While the damage assessment from Isaac’s impact on Florida may only amount to a list of blown over lawn chairs and soggy topsiders, the story does not end there for this tropical hooligan. Another interesting narrative has developed, as Isaac is now poised to form into a hurricane and make landfall on New Orleans, on the seven-year anniversary of Hurricane Katrina. There’s no need to dredge up any unnecessary memories from one of the worst natural disasters in U.S. history, and certainly no need to draw any kind of parallel between the two storms; but storylines drive news, and top stories will once again revolve around Isaac and how it will affect The Big Easy.
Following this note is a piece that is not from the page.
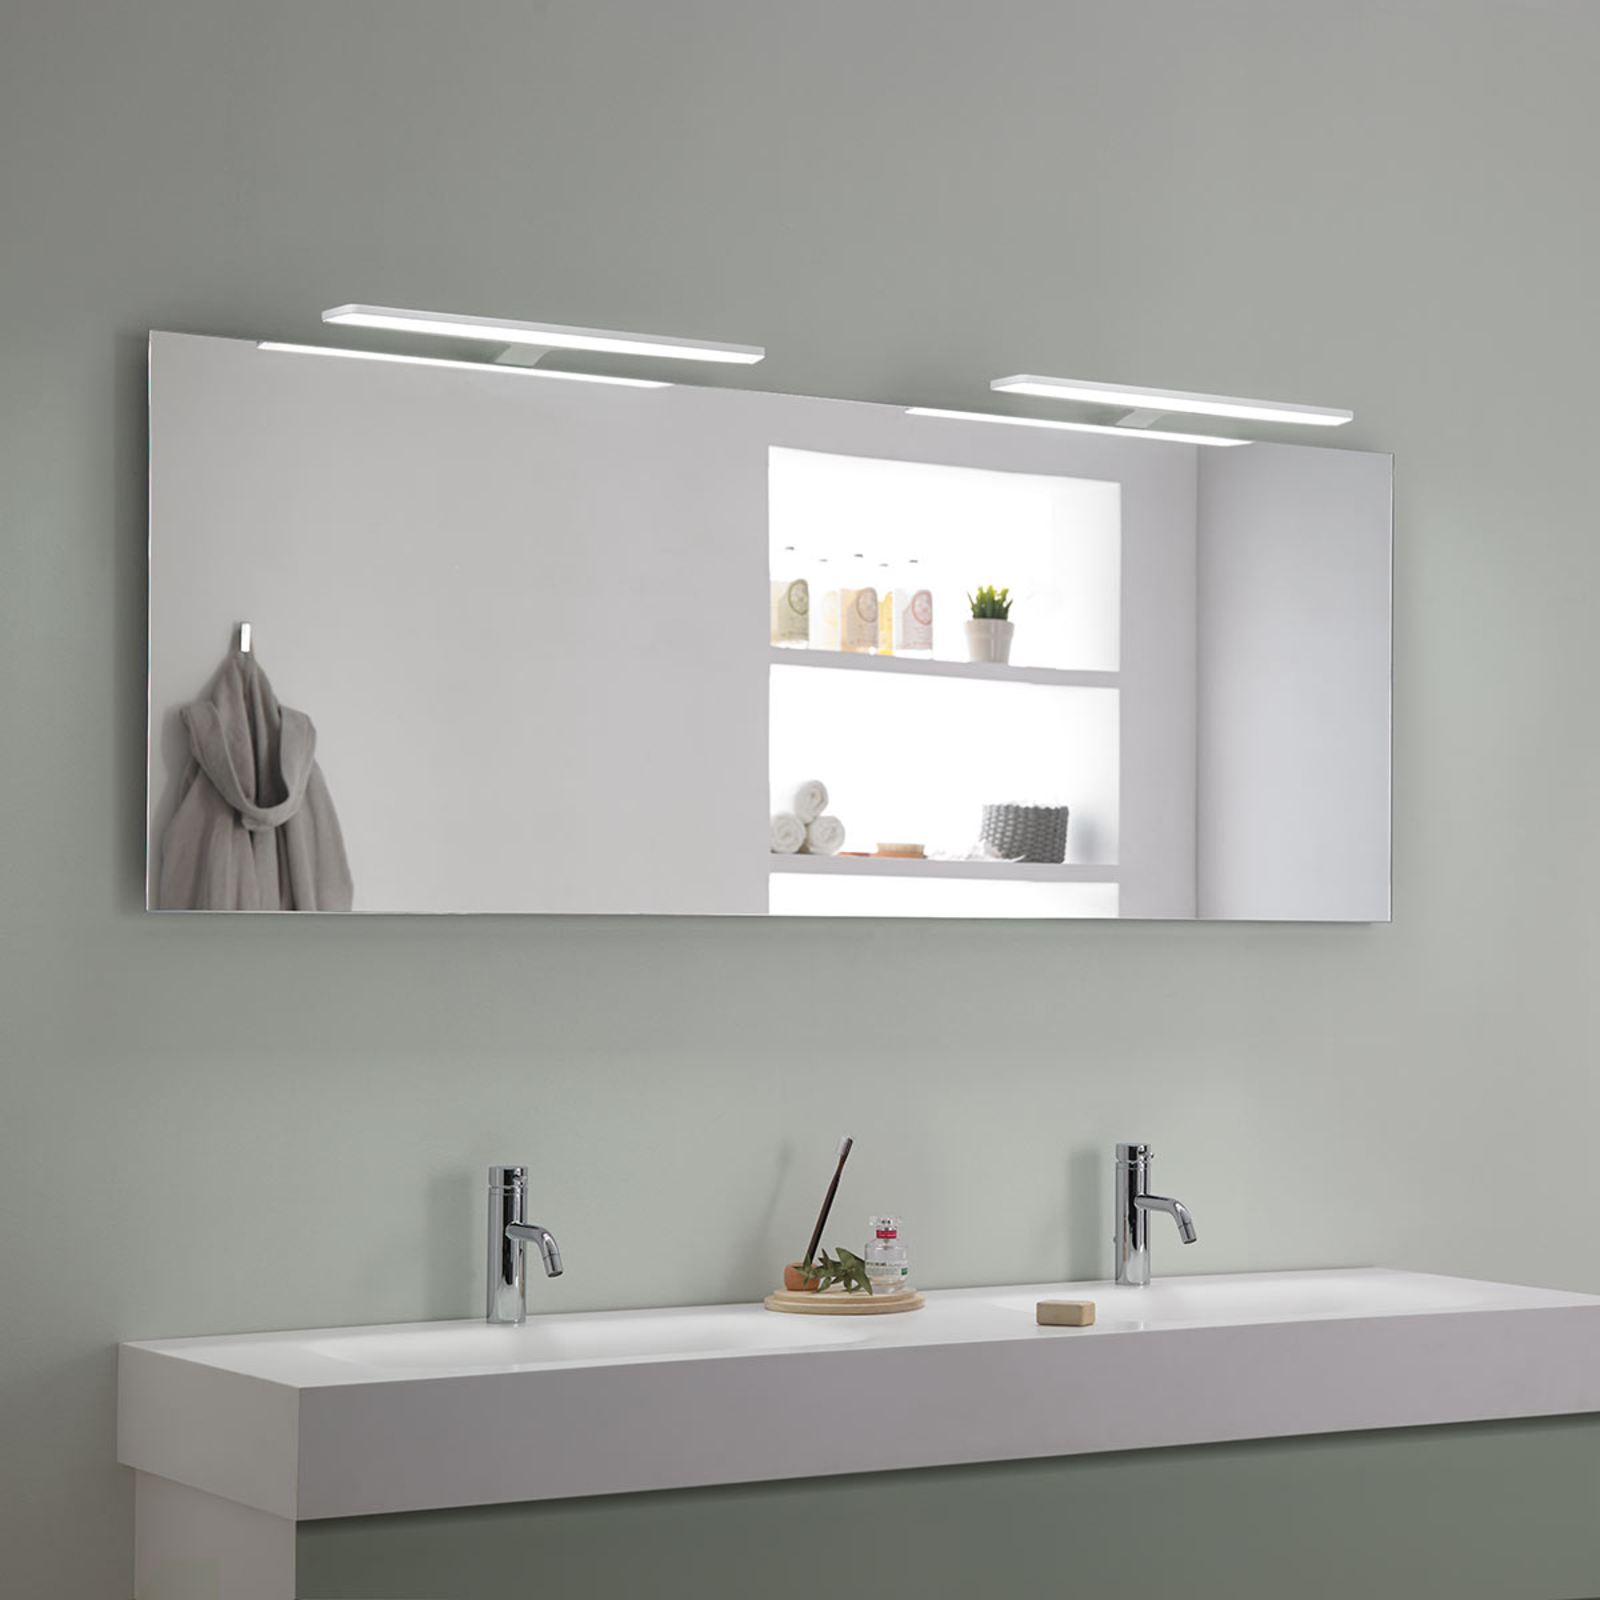 Nayra – bílé LED svítidlo nad zrcadlo
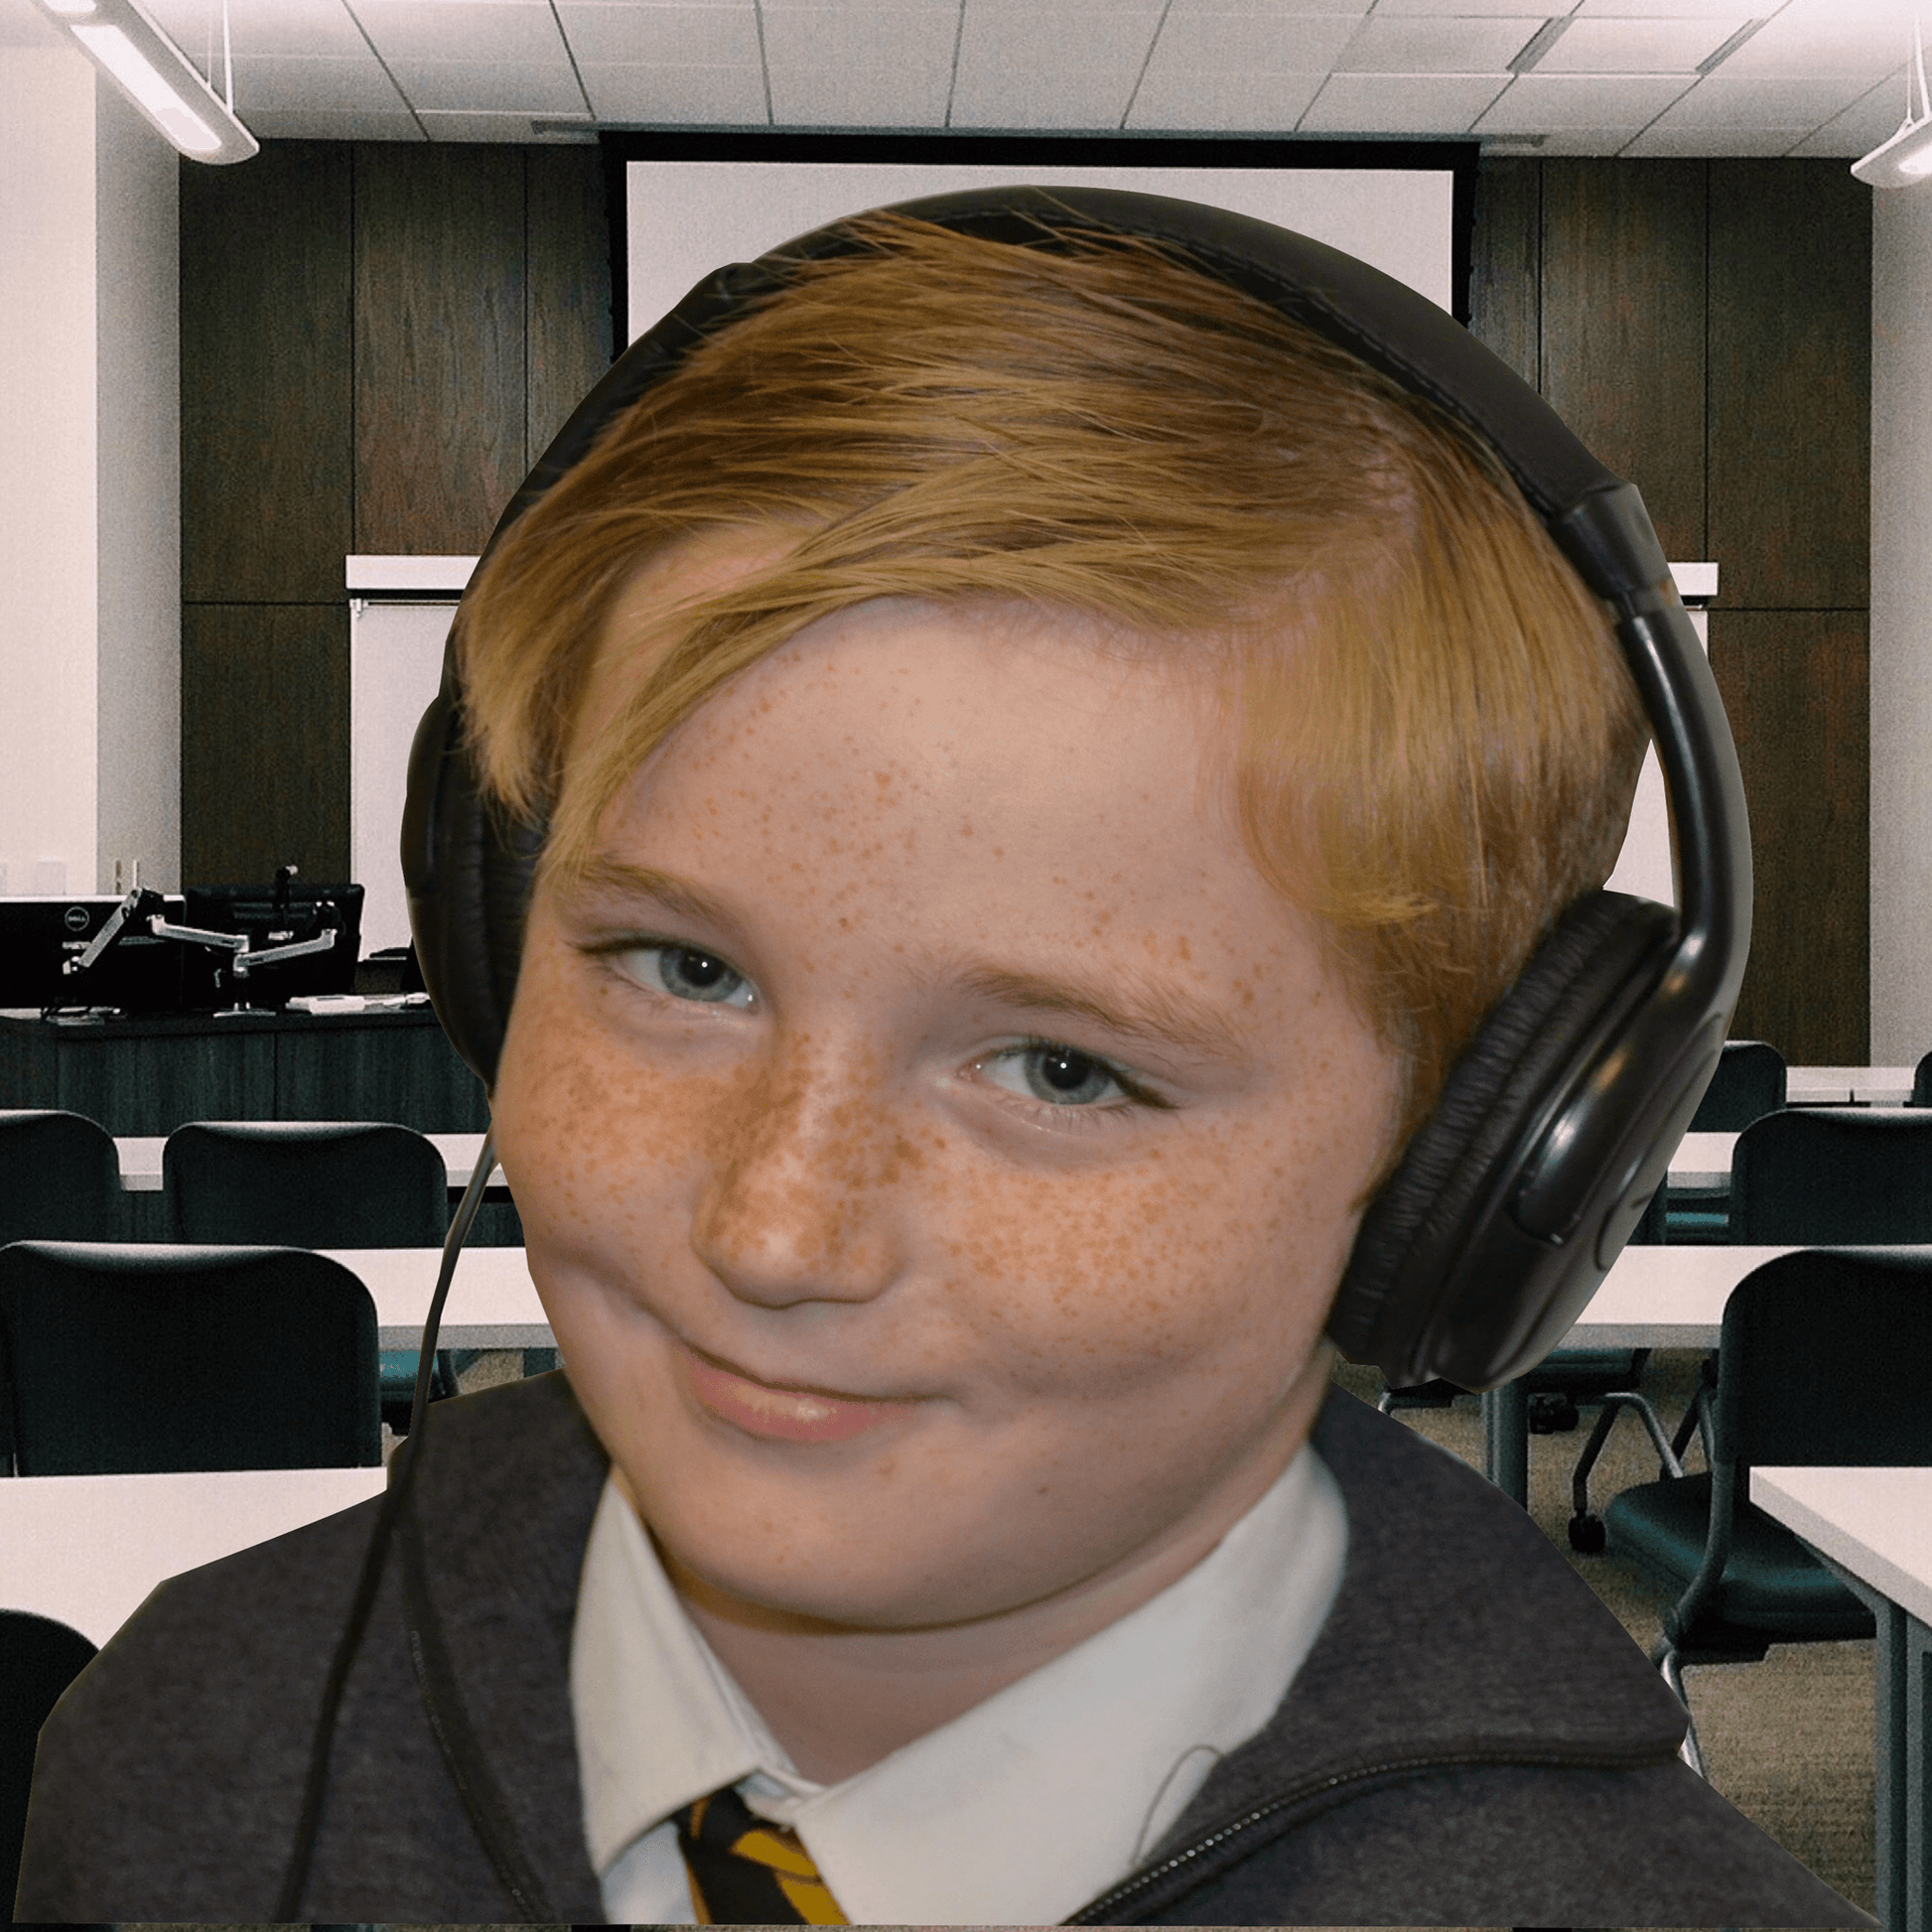 boy wearing headphones

The point I’m making here is simple. While some stories don’t quite deliver the ‘Hollywood Blockbuster’ type payoff that news directors and producers seek while hoping for a ratings spike, the bigger story may actually be gleaned once the hype has died down. Will the reinforced levees do their job on Lake Ponchartrain? Georgia is undergoing massive droughts; what kind of influence will Isaac’s weather have on their climate conditions going forward? These are the questions that will be asked, and media sources will be scouring their network for qualified individuals to answer them.
The rain is still saturating us here in Orlando, but the severe storm-threat has all but passed. With Isaac inching towards New Orleans, our thoughts are with those residents, and our hope is that whatever secondary-storyline emerges from the storm’s impact will be one of resiliency and redemption. For those following news such as Isaac, just remember to always be prepared for your expertise to be called on. While the original story may not directly apply to you, there are always after-effects and undercurrents that can and will be explored.